◆ **Activity**
Each line below from the one containing "turken_lounge" through the one containing "bushing_holder_v1.stl Download free" is to be given again exactly, and no line outside that span.

◆ **Exercise inputs**
══════════════════════════════
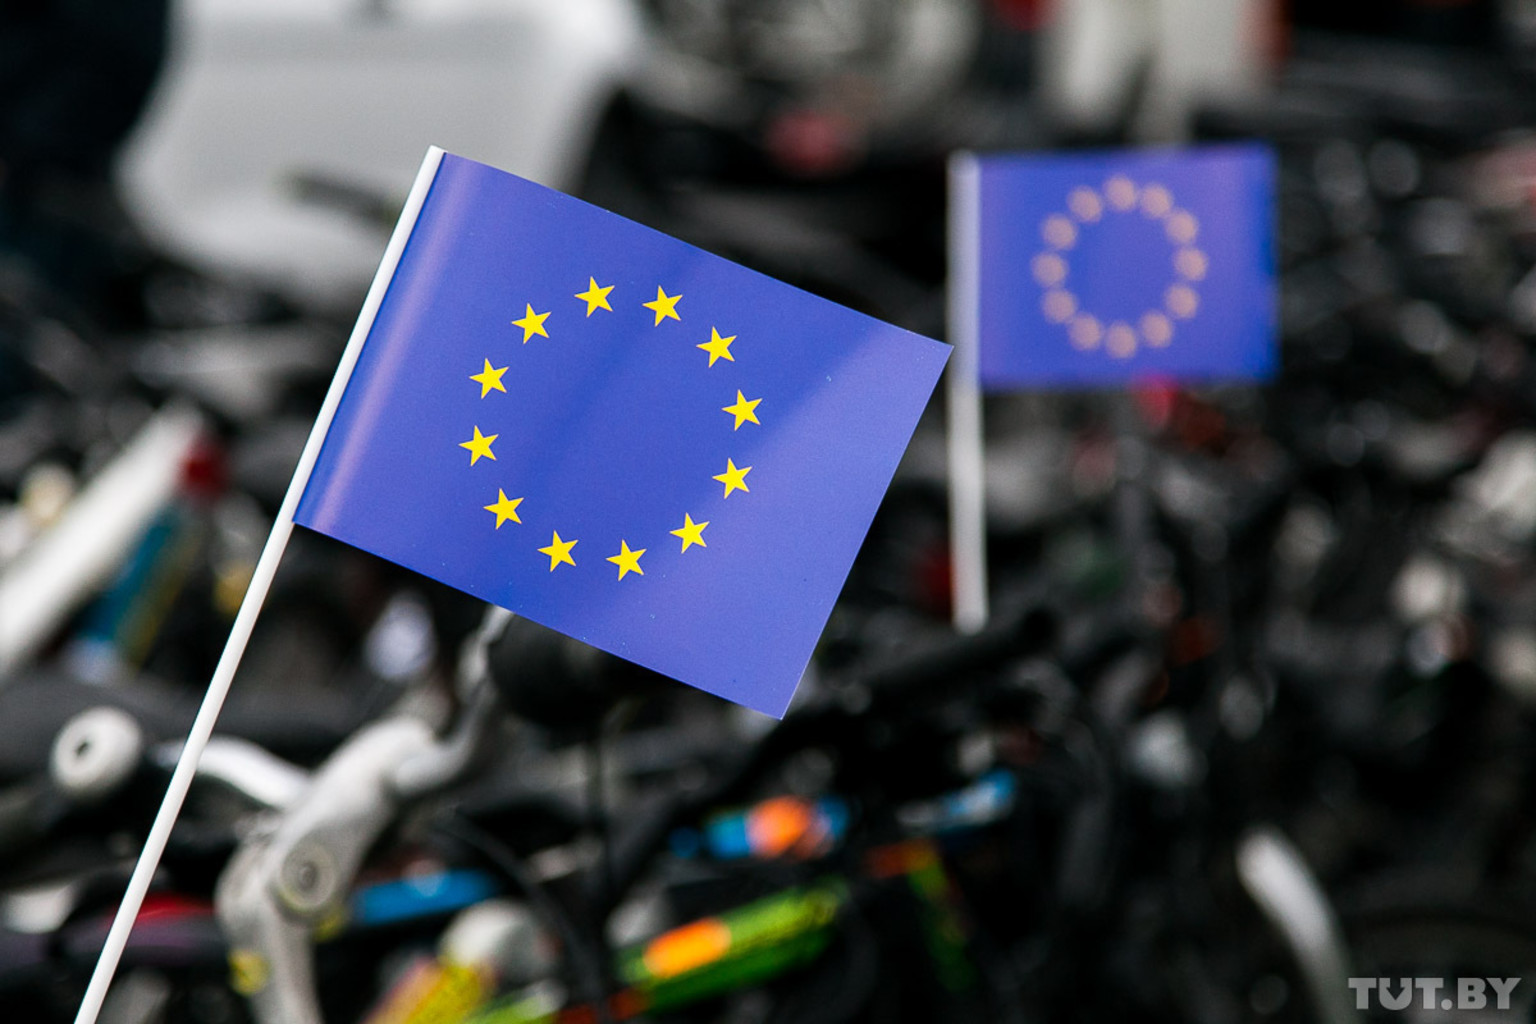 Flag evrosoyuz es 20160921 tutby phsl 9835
══════════════════════════════
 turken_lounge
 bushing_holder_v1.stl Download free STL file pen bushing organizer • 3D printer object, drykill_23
══════════════════════════════
◆ **Answer to the exercise**
 turken_lounge
 bushing_holder_v1.stl Download free STL file pen bushing organizer • 3D printer object, drykill_23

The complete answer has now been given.